DATASET SECTION: Begin

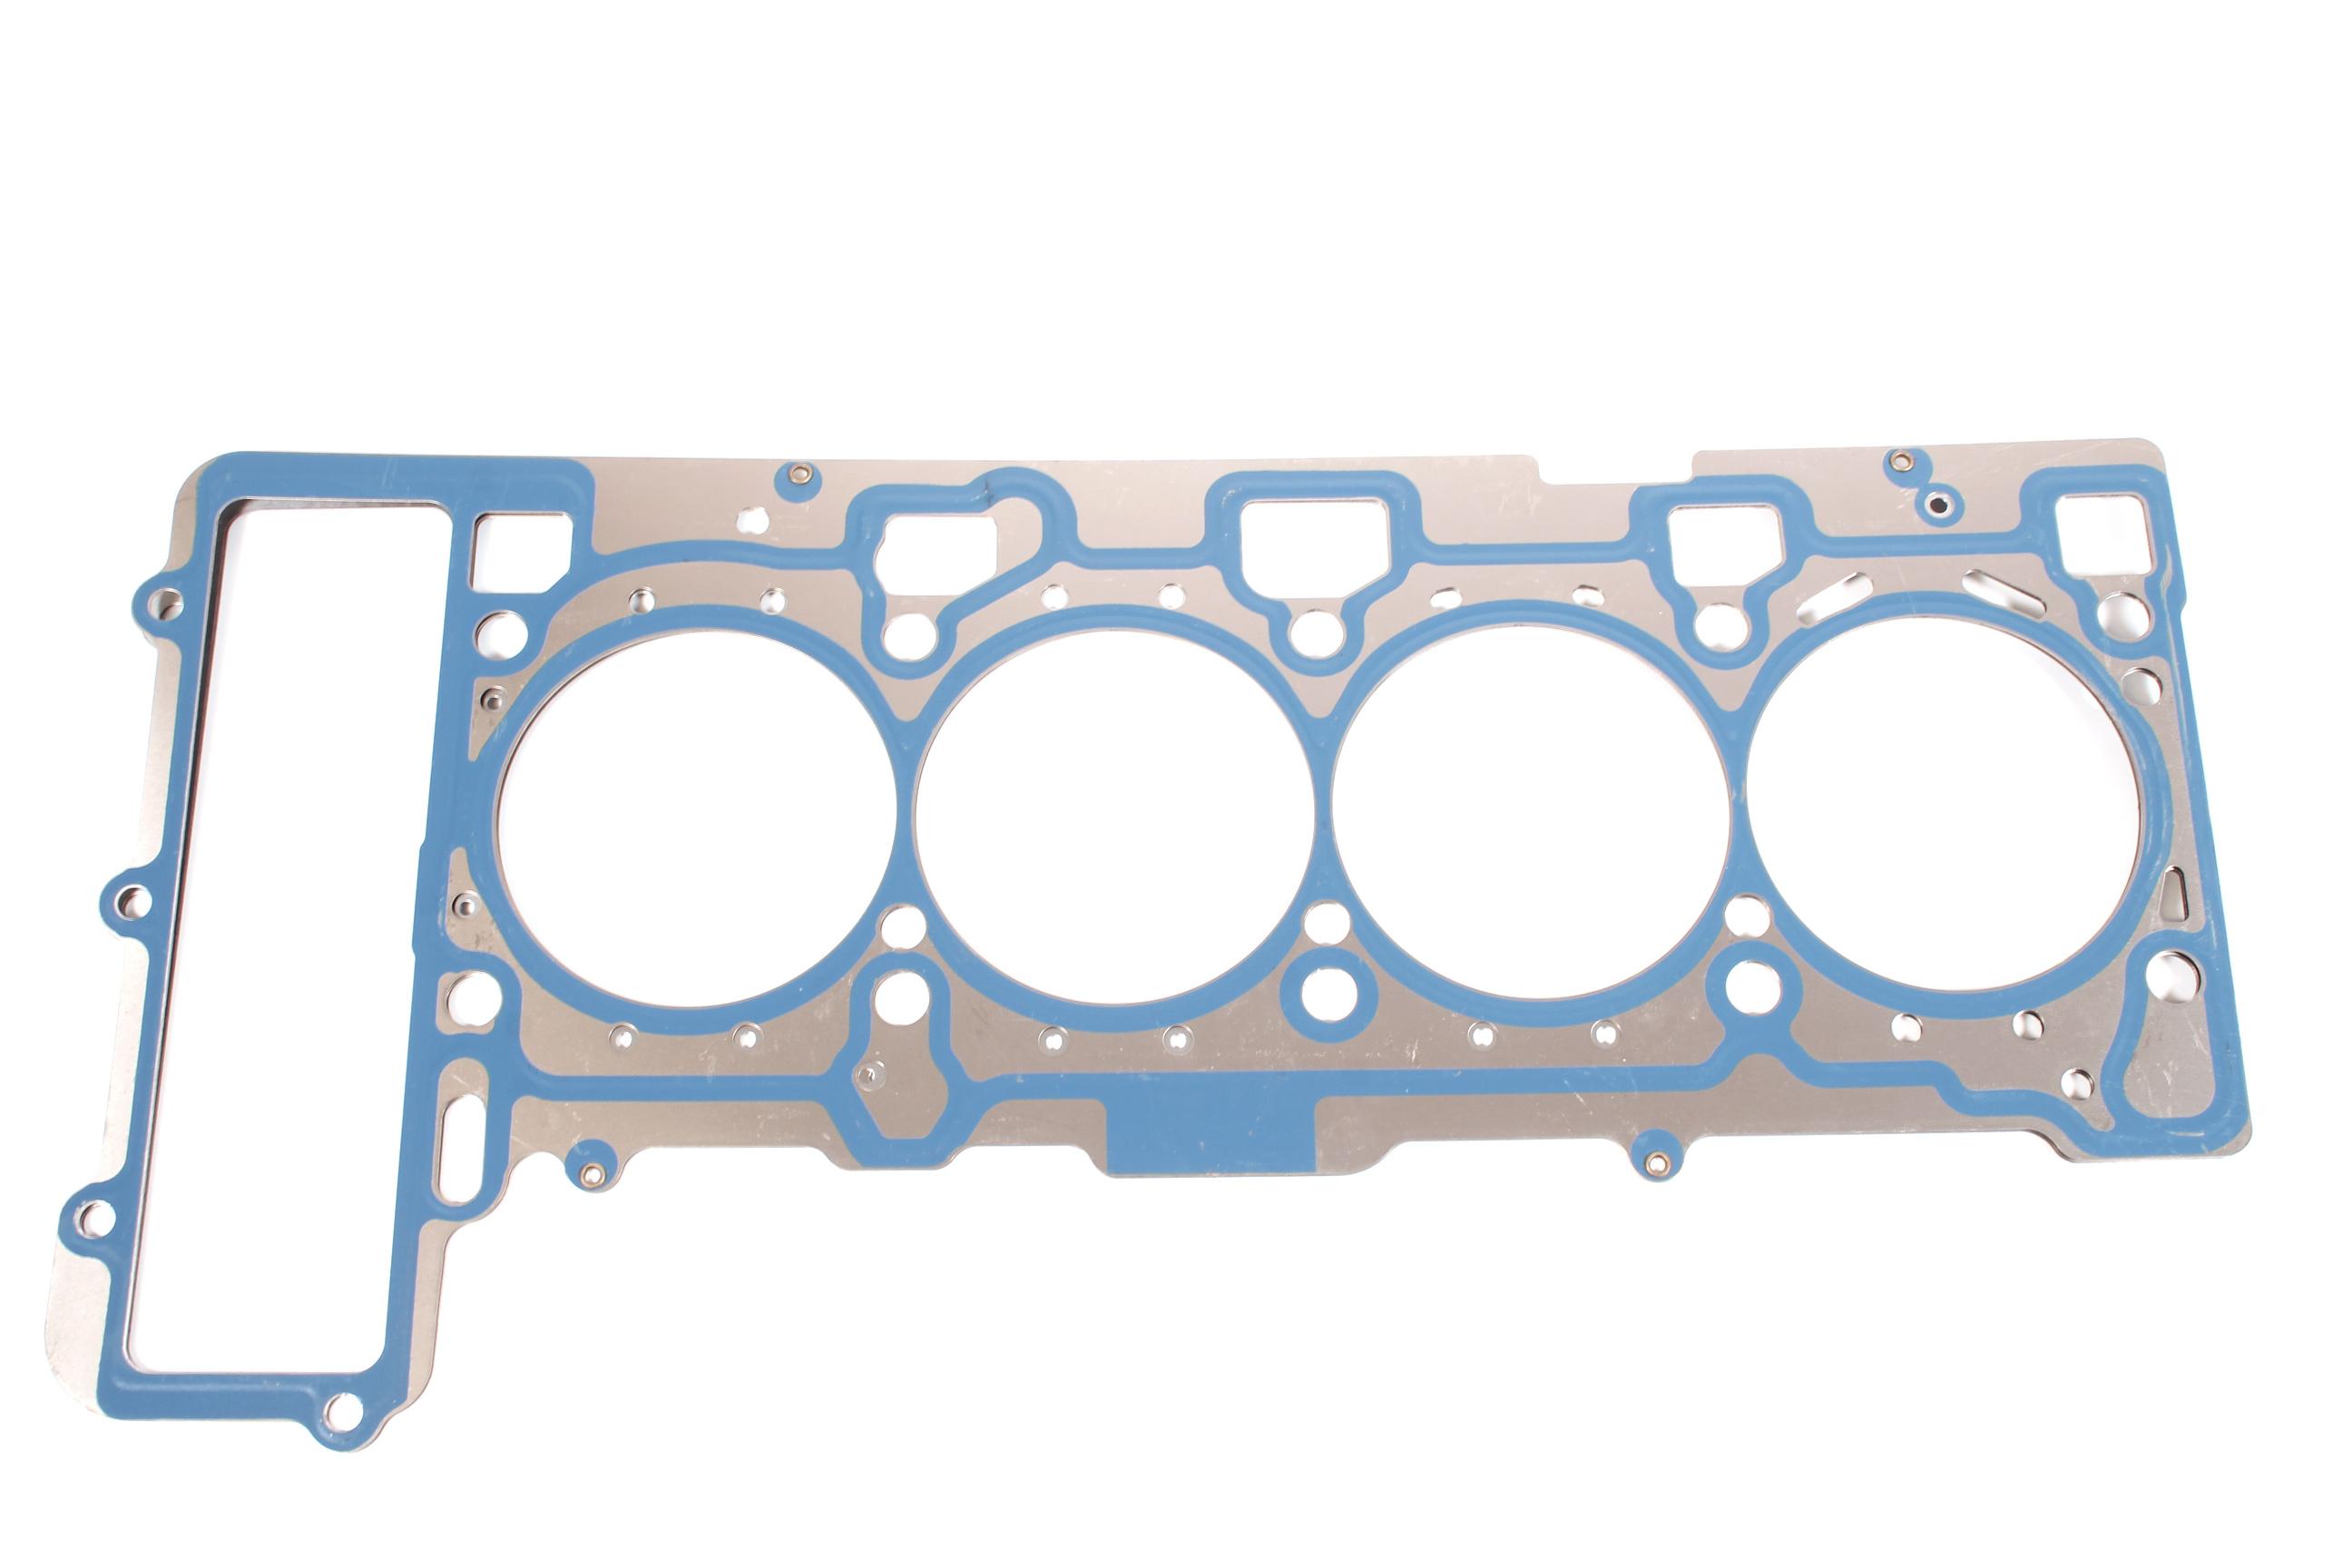 Zylinderkopfdichtung ZKD Audi VW 4,2 FSI BAR CGNA BNS links 079103383AR NEU
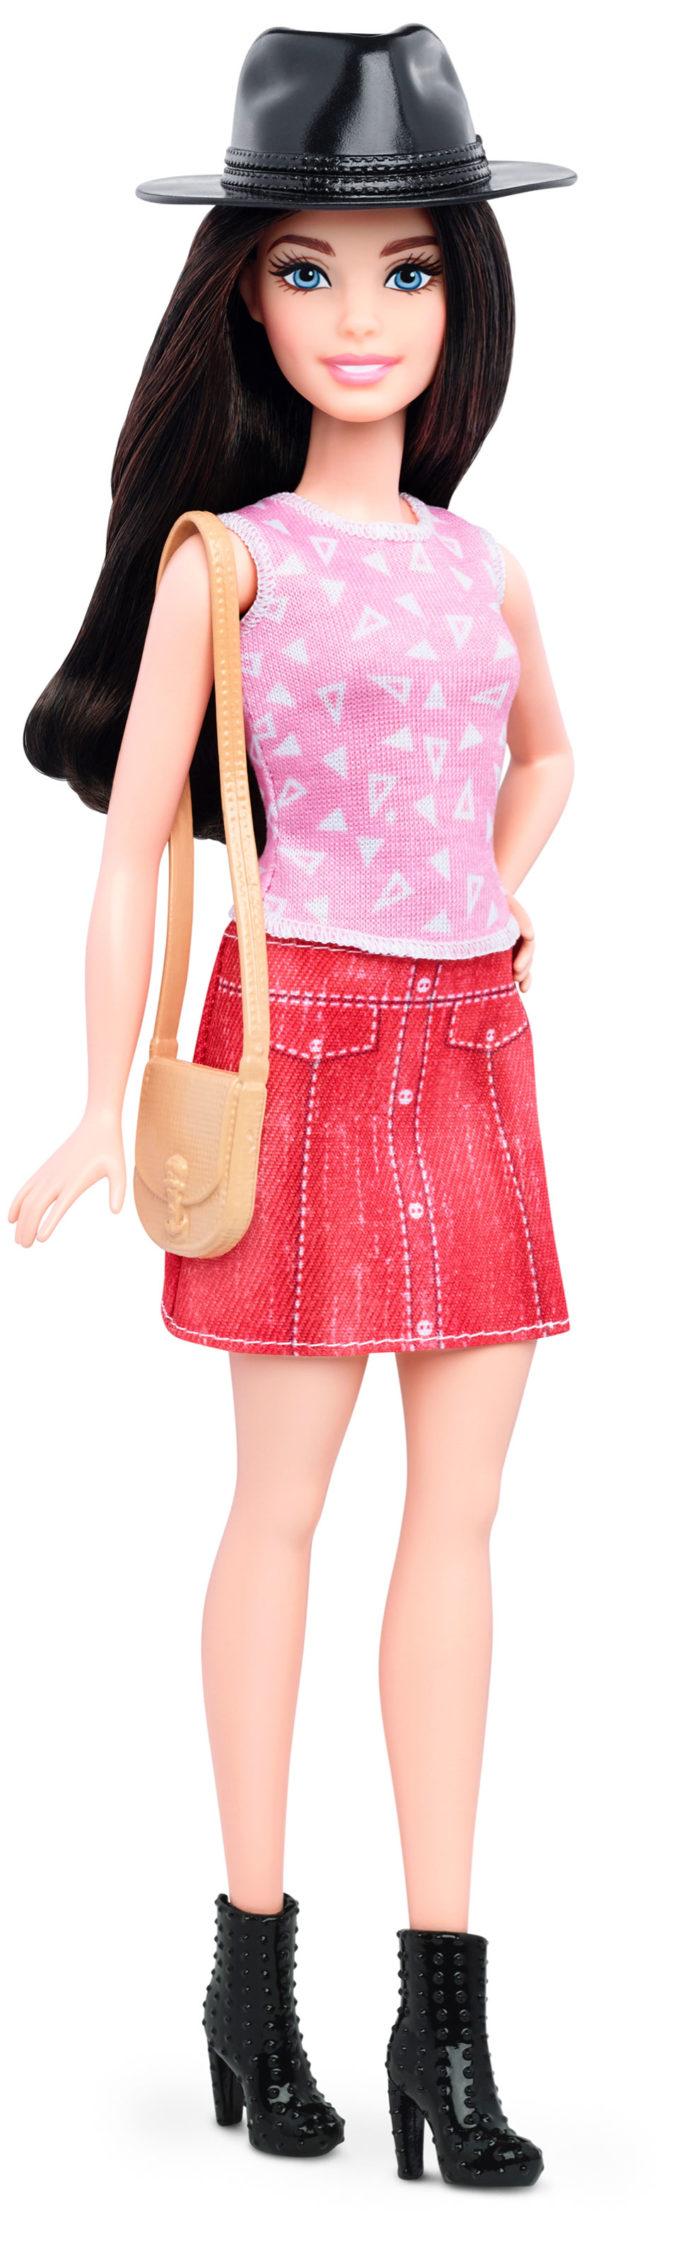 barbie-nuove-curvy-bassa-alta-realistica-02
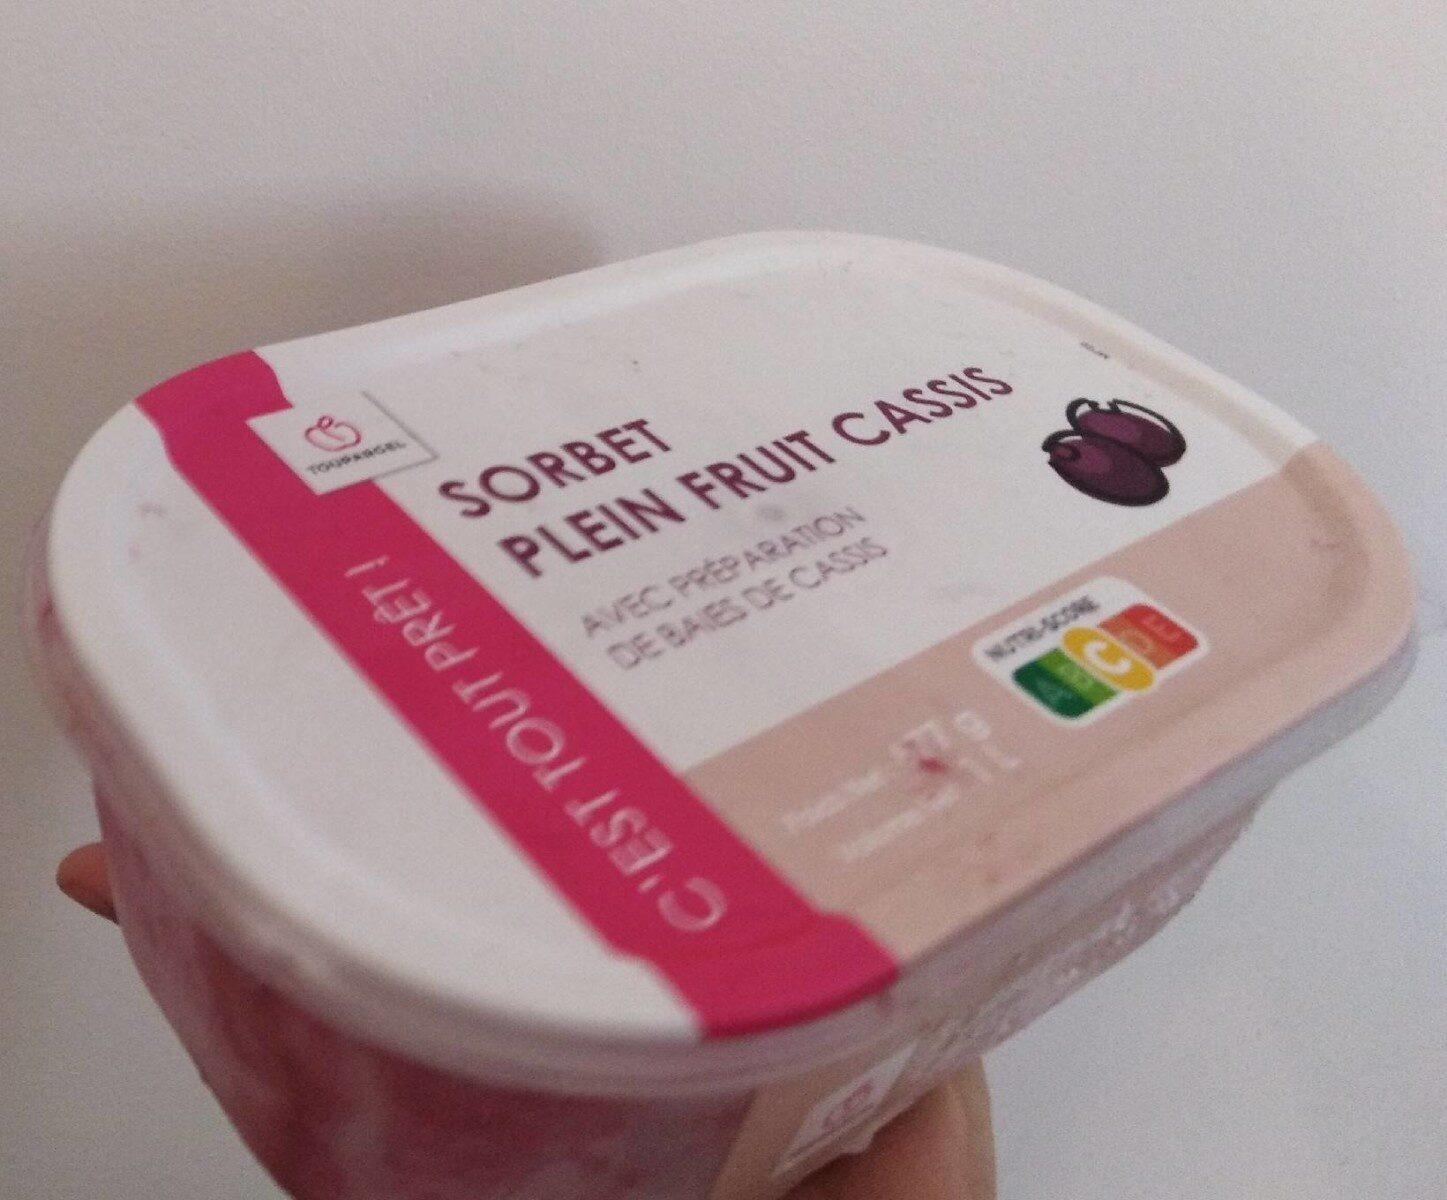 Sorbet plein fruit cassis - Product - fr
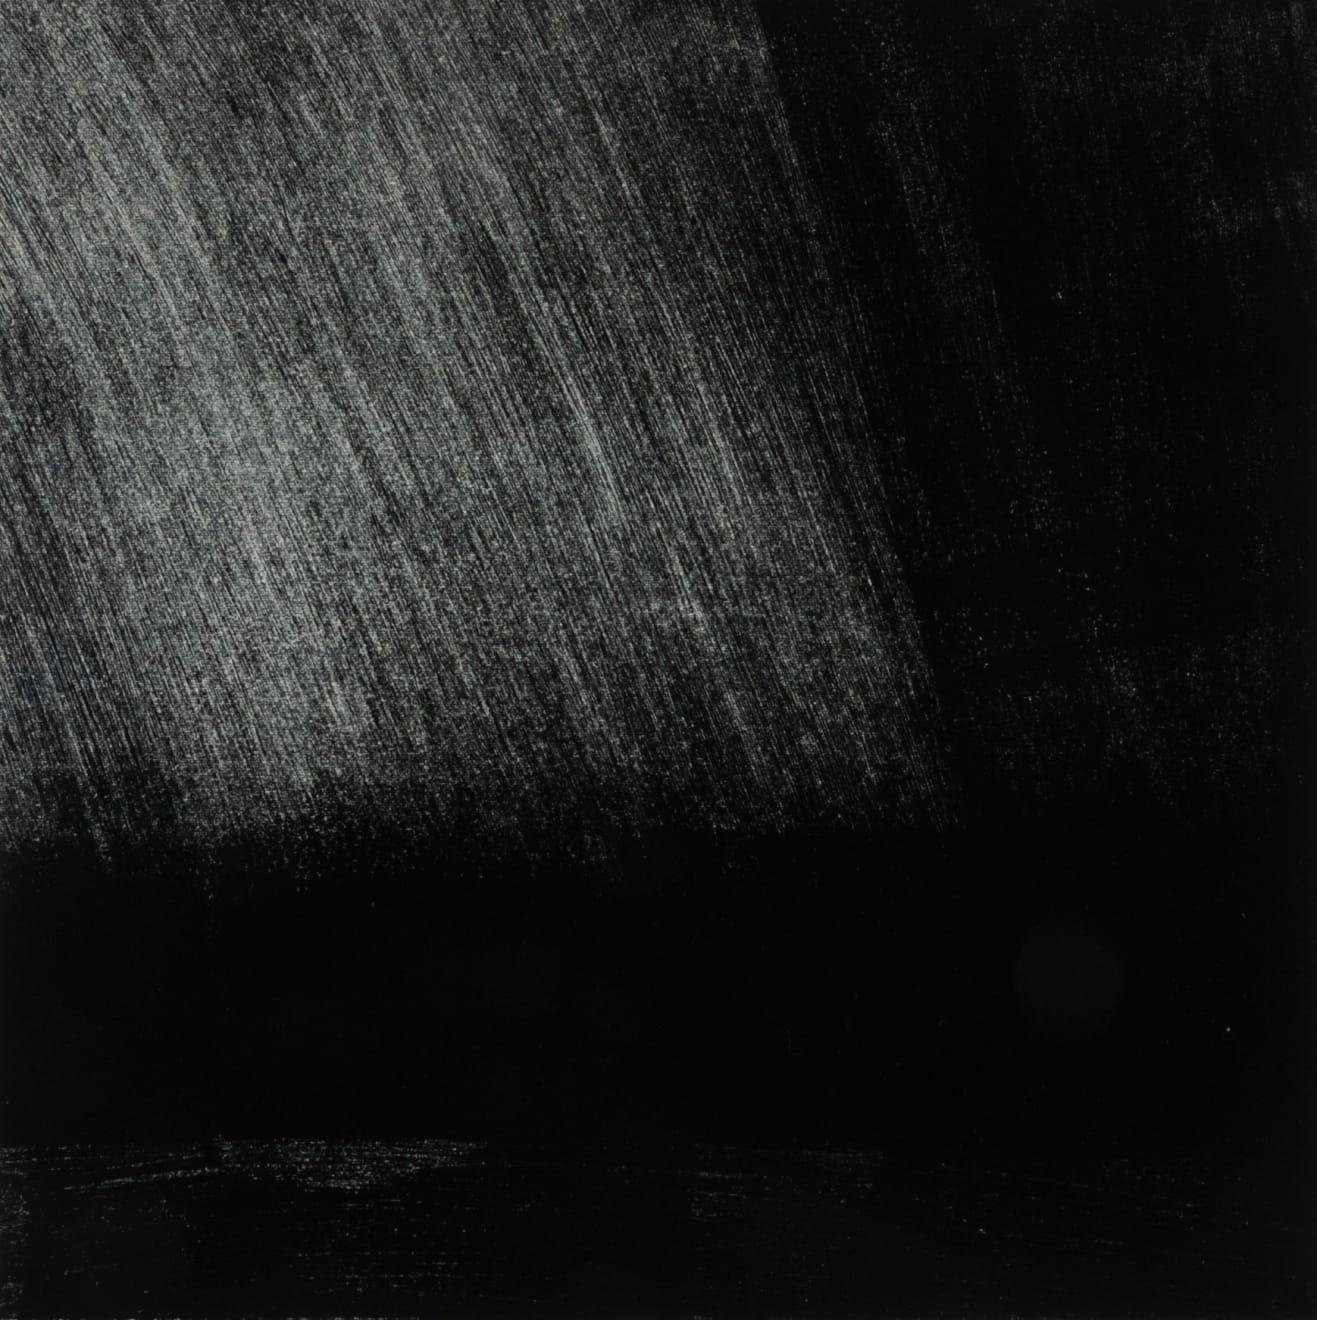 Nigel Swift, Deluge at Night, 2019

DATASET SECTION: End

▶ [WORK TASK]
Reproduce, word for word, the lines from the one containing "Sorbet plein fruit cassis - Product - fr" to the end of the material, both ends included. No picture is copied.

▶ [OUTPUT OF THE EXERCISE]
 Sorbet plein fruit cassis - Product - fr
 Nigel Swift, Deluge at Night, 2019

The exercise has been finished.